I am monitoring cell death in response to stimuli. My control group contains 39 samples and is normally distributed with a mean death percentage of 0.05 and a variance $\sigma^2$ of 0.001. My first sample of size 37 is given treatment X has an approximately normal distribution with a mean death percentage of 0.1 and a variance $\sigma^2$ of 0.04. Likewise, the 43 cells given treatment Y have a death percentage of 0.18 and variance of 0.09. Lastly, the sample containing treatments X and Y with size 34 has a mean death percentage of 0.54 with a variance of 0.16. My question is then how do I show that the effect of treatments X and Y together is more than what would be expected from adding the random variables?

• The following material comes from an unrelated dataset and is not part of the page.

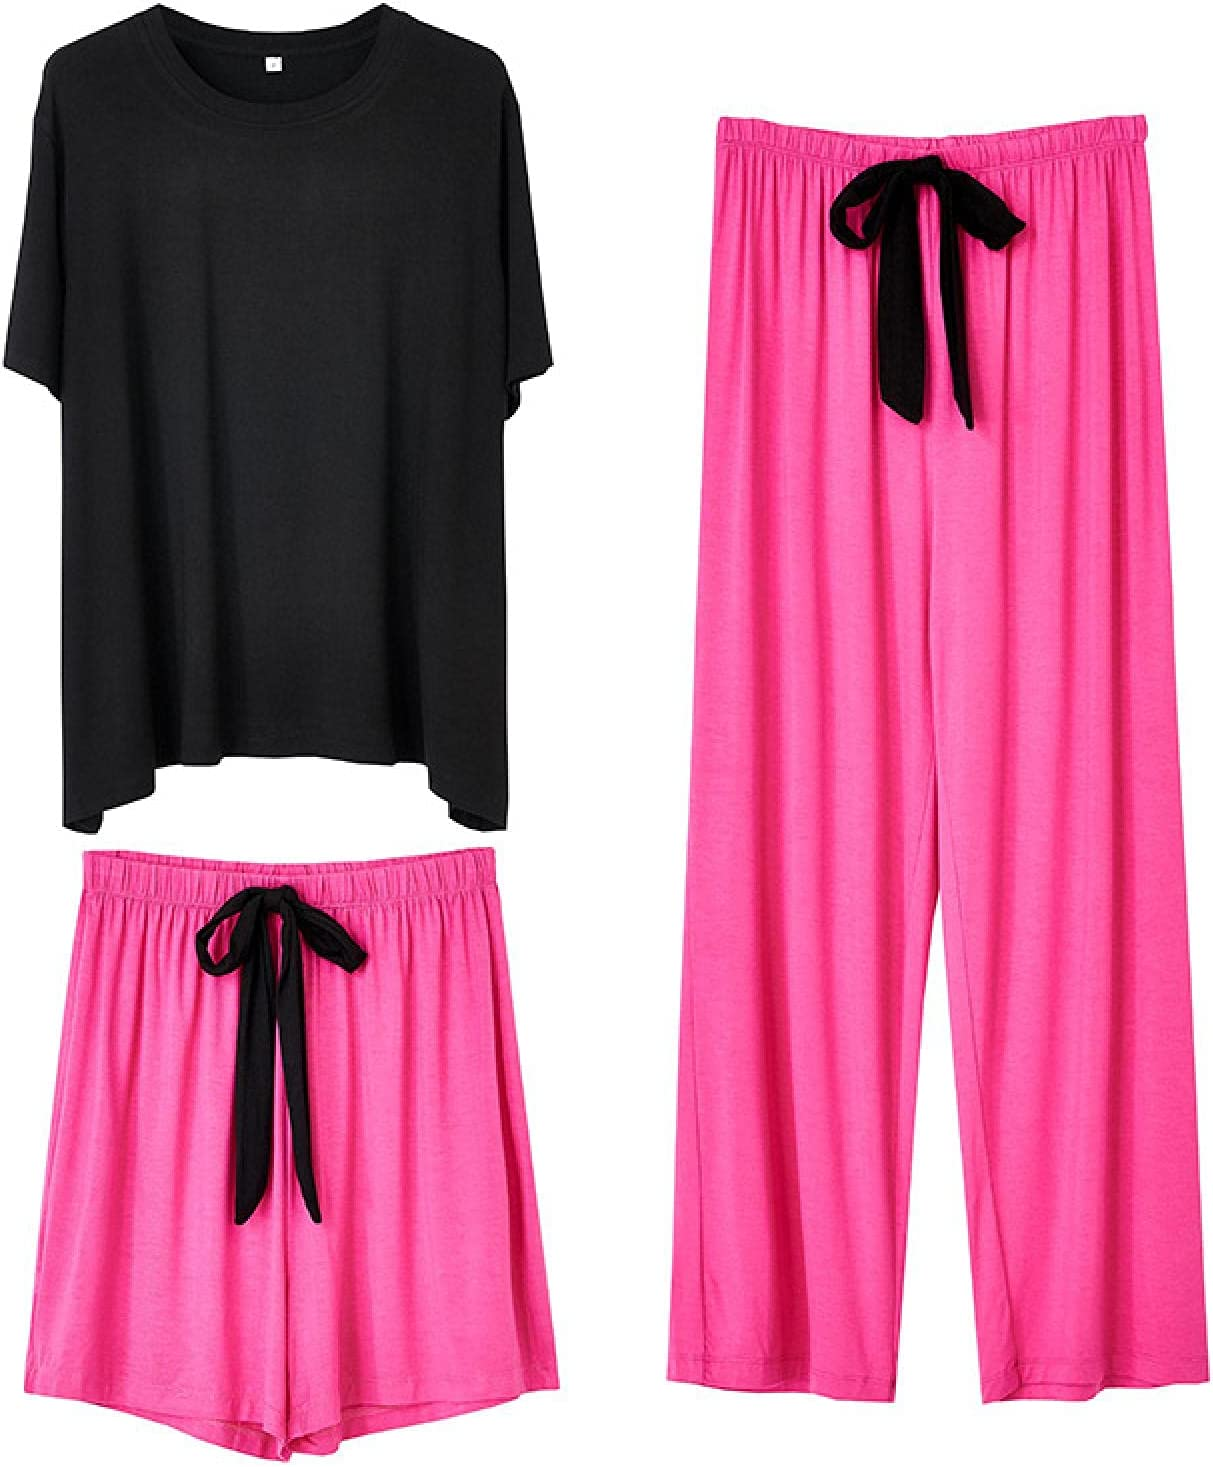 STJDM Nightgown,Modal Pajamas Set Women Short Homewear Summer Co

Since I do not know that the variables are guaranteed to be independent (in fact, their effects seem to be very much not independent), my idea was to use the formulas

$$E[X + Y] = E[X] + E[Y]$$

and

$$Var[X + Y] = Var[X] + Var[Y] + 2Cov[X,Y]$$

to obtain the normal distribution for the sum of the random variables where I believe that the covariance of samples would be computed via

$$Cov[X,Y] = \frac{\left(\sum\limits_{i = 1}^{N_x}(x_i - \mu_x)\right) \left(\sum\limits_{j=1}^{N_y}(y_j - \mu_y)\right)}{(N_x - 1)(N_y - 1)}$$

where the loss of 1 in each of the terms in the denominator comes from the loss of 1 d.o.f. from using each of the means (I am not sure if this is the correct formula as I could not find a reference for two different random variables, but it would make sense to me given the situation). Then, my idea was to construct two 95% confidence intervals -- one for my sample and one for the computed $X + Y$ random variable, and, provided that the confidence intervals did not overlap, I believe that I can reject the assumption that the effect of the two random variables is additive. Is this the correct approach, or have I lost my mind here? Thank you in advance for any help that you can give!

1

There are 1 best solutions below

3
On BEST ANSWER

I am not sure if I understood your setup correctly, but I believe that you want to test the null hypothesis $\mu_Z = \mu_X + \mu_Y$ agains the alternative $\mu_Z \neq \mu_X + \mu_Y$. Here $\mu_Z$ denotes the mean of the joint sample.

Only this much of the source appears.